Information shown below:

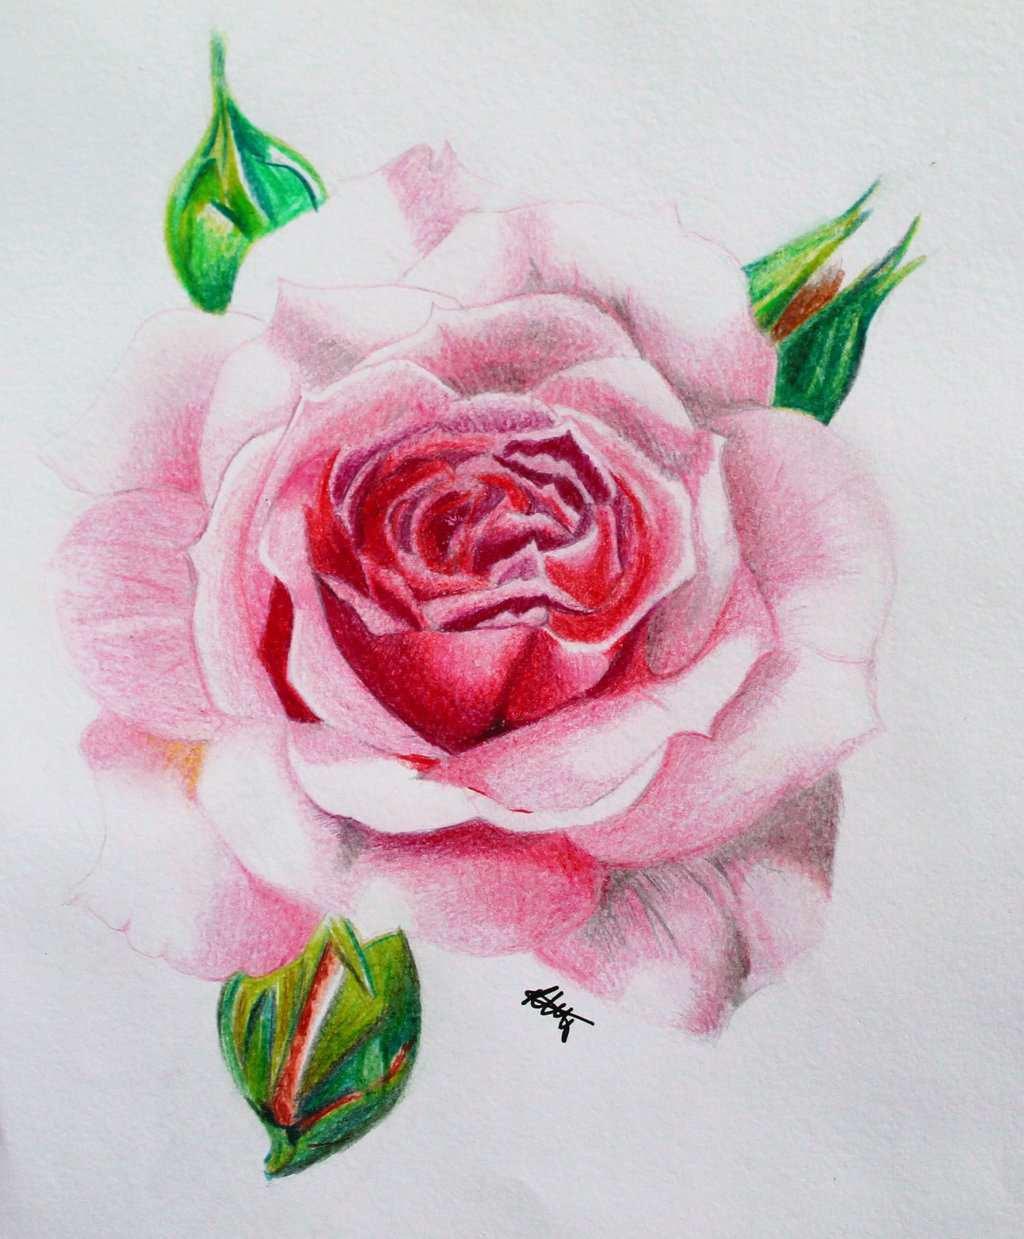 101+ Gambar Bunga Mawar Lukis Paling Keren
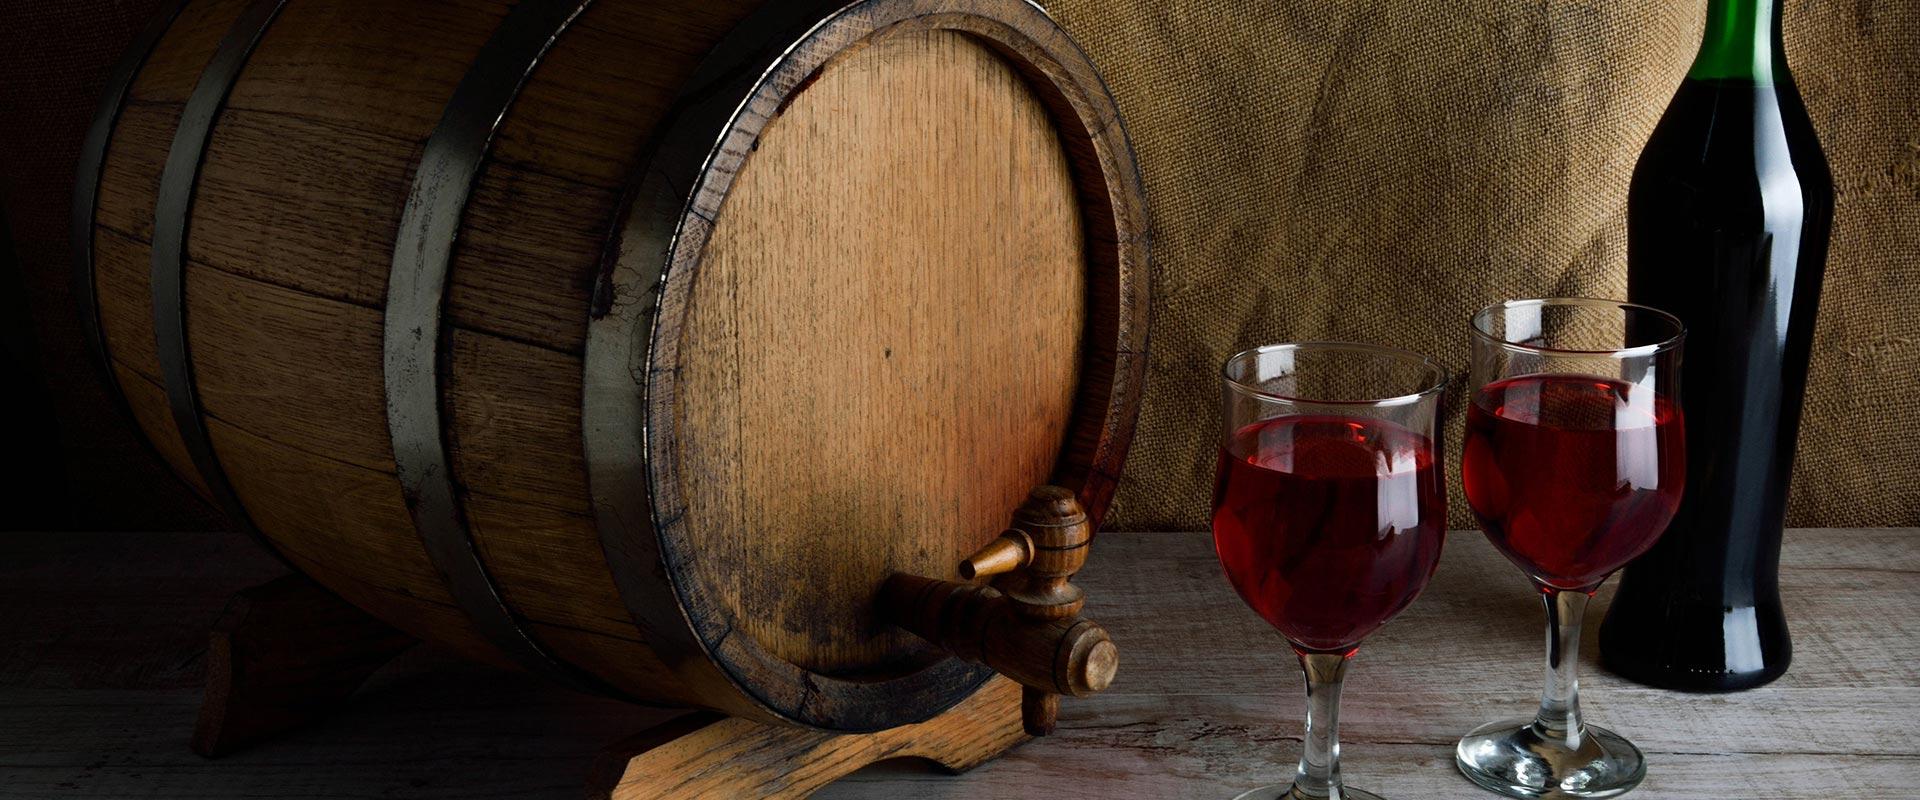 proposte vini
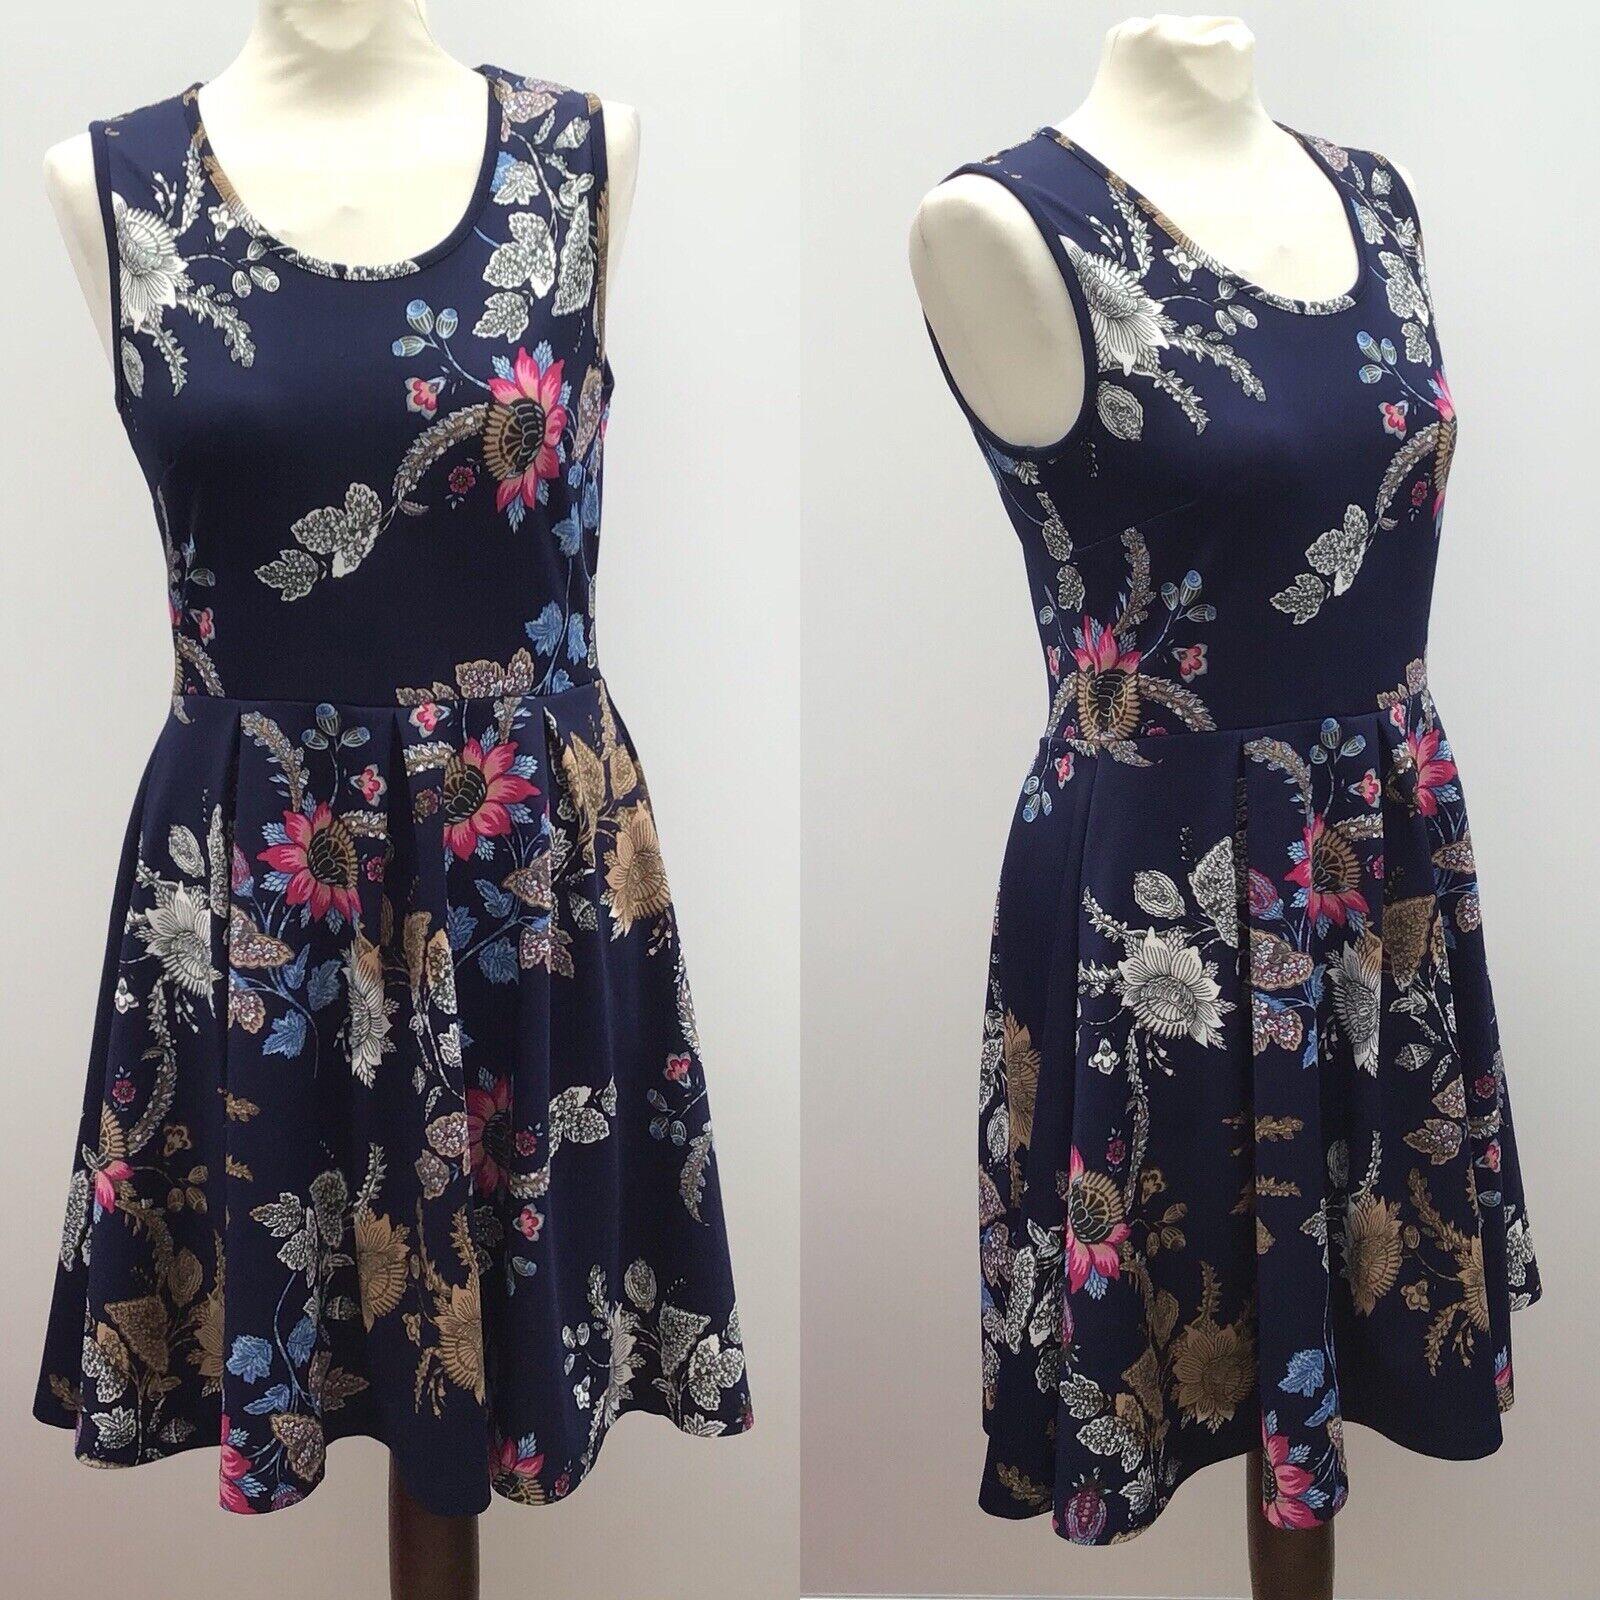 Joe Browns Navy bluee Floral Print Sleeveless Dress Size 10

End of Information shown.

What the task requires -
An exact copy of the listing is required, excluding any pictures.

The answer -
 101+ Gambar Bunga Mawar Lukis Paling Keren
 proposte vini
 Joe Browns Navy bluee Floral Print Sleeveless Dress Size 10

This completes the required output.